Filme visto no Festival do Rio 2022.
Muitas culturas buscam o encerramento – uma cerimônia, um gesto, um acontecimento que possa, de alguma forma, marcar e dar fim a um período, e, consequentemente, dar início a uma nova fase. O ser humano precisa desses rituais para conseguir seguir em frente, emocional e psicologicamente, sendo este um recurso bastante utilizado, inclusive, em tratamentos psiquiátricos e terapias para superação de traumas. Entretanto, é difícil assumir a necessidade de se precisar desse encerramento, pois nem sempre é fácil falar disso em voz alta. Essa é o tema de ‘Raymond e Ray’, nova comédia dramática que teve sua estreia antecipada durante o Festival do Rio esse ano e que chegou recentemente aos assinantes da AppleTV+.
Raymond (Ewan McGregor) é um homem separado da esposa e cujo filho está longe, no exército estadunidense. Ele recebe a notícia de que seu pai, Harris (Tom Bower) acaba de falecer, e, como seu último desejo, gostaria que seus filhos atendessem ao seu funeral e o enterrassem pessoalmente, cavando sua cova. Por isso Raymond vai até a casa de seu meio-irmão Ray (Ethan Hawke), um ex-músico meio falido a quem não vê há muito tempo e com quem passou parte de sua infância quando o pai violento não estava batendo neles. Então, Raymond e Ray partem de carro numa viagem amarga até a cidade onde o pai morava para enterrá-lo, mas, uma vez lá, descobrirão que o homem a quem costumavam odiar era uma pessoa bem diferente diante dos olhos dos moradores locais. E, nesse dia, muitos segredos serão revelados, ao mesmo tempo em que, mesmo morto, o pai continua conseguindo desestruturá-los emocionalmente.

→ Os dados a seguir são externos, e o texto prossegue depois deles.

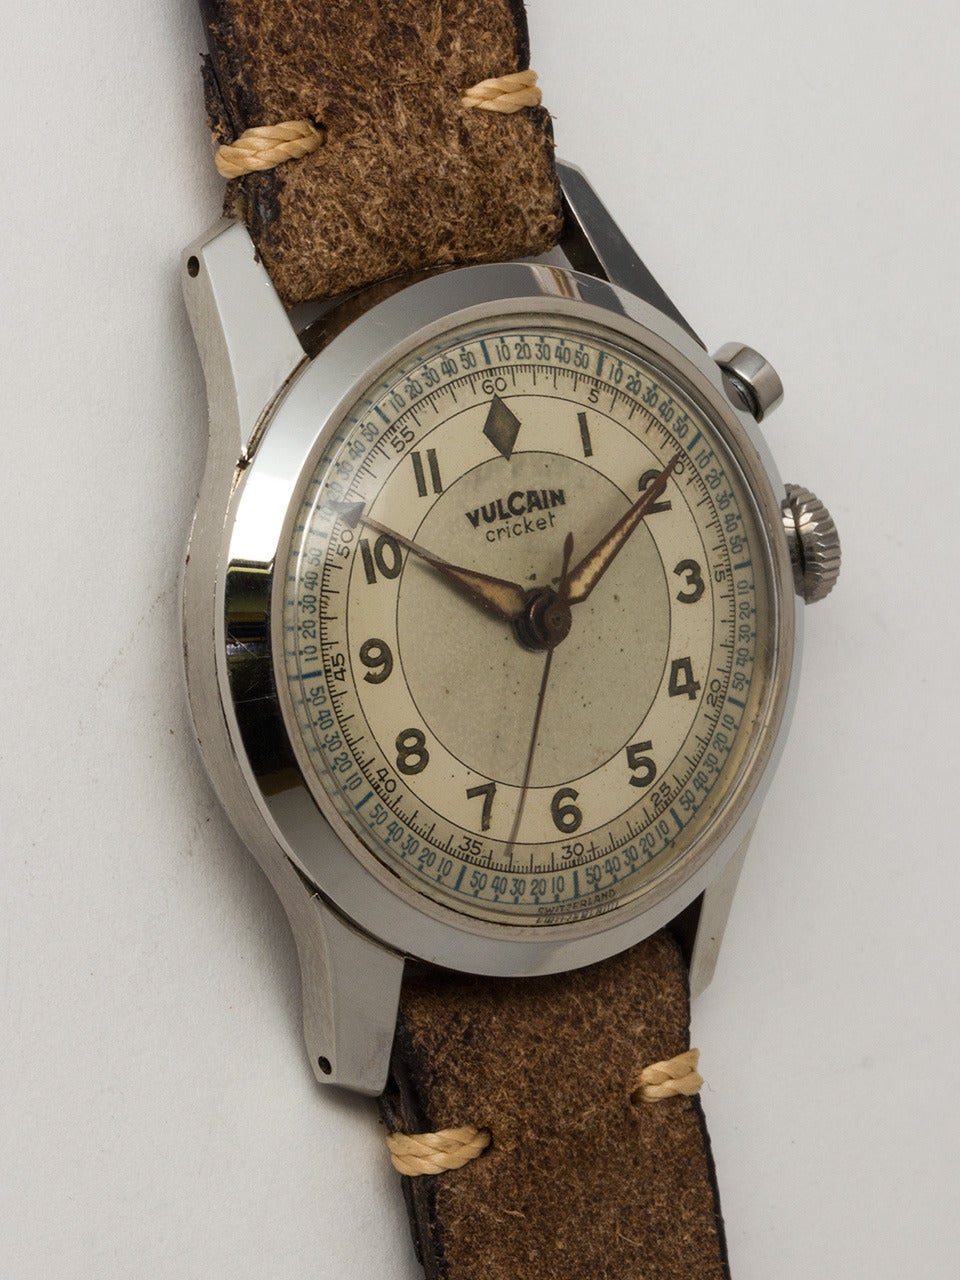 Vulcain Cricket Stainless Steel Alarm Wristwatch circa 1950's. 34 X 42mm case with prominent lugs and heavy snap on back with slots for transmitting sound of alarm. Very pleasing original matte silver 2 tone dial with luminous indexes and tapered

Em uma hora e quarenta e cinco de duração, ‘Raymond e Ray’ busca fazer um retrato sobre as frustrações humanas diante da vida e da morte – e, especialmente, as frustrações diante do mau caratismo do ser humano, afinal nem todo mundo é boa gente. Escrito e dirigido por Rodrigo García, o roteiro parte da morte para inserir uma série de elementos que comprovam que ninguém conhece ninguém a fundo de verdade, e nem mesmo a morte é capaz de suavizar os mais profundos rancores. Nesse viés, mesmo as situações cerimoniais, vistas com bastante deferência socialmente, são incontroláveis quando os verdadeiros sentimentos vêm à tona, dando liberdade à obrigatoriedade do luto às pessoas que decidem não perdoar.
Com maestria e acidez, ‘Raymond e Ray’ retira as máscaras convencionais às quais todos confortavelmente adequam-se para conviver com as pessoas – as boas e as ruins. Isso inclui as novas companhias que ganhamos no caminho e velhos conhecidos que, de uma hora para outra, podem se transformar em desconhecidos. Produzido por ninguém menos que o oscarizado Alfonso Cuarón e numa vibe meio Irmãos Coen, Rodrigo García explora o talento de Ethan Hawke, como um galanteador decadente, e de Ewan McGregor, obrigado a esconder suas emoções até o quarto final do longa, para dar rosto ao fracasso humano de tentar só ver o lado bom das coisas o tempo todo, mesmo quando referido às pessoas odiáveis.
Encabeçado por dois grandes talentos hollywoodianos e com uma história ácida-provocativa em um humor dramático que conduz os personagens ao limite das performances cotidianas em prol da sobrevivência, ‘Raymond e Ray’ é um filme único, hilário a seu modo, que tensiona os nervos e flerta com o absurdo até sua catarse final. Tal como a vida, incontrolável e imprevisível.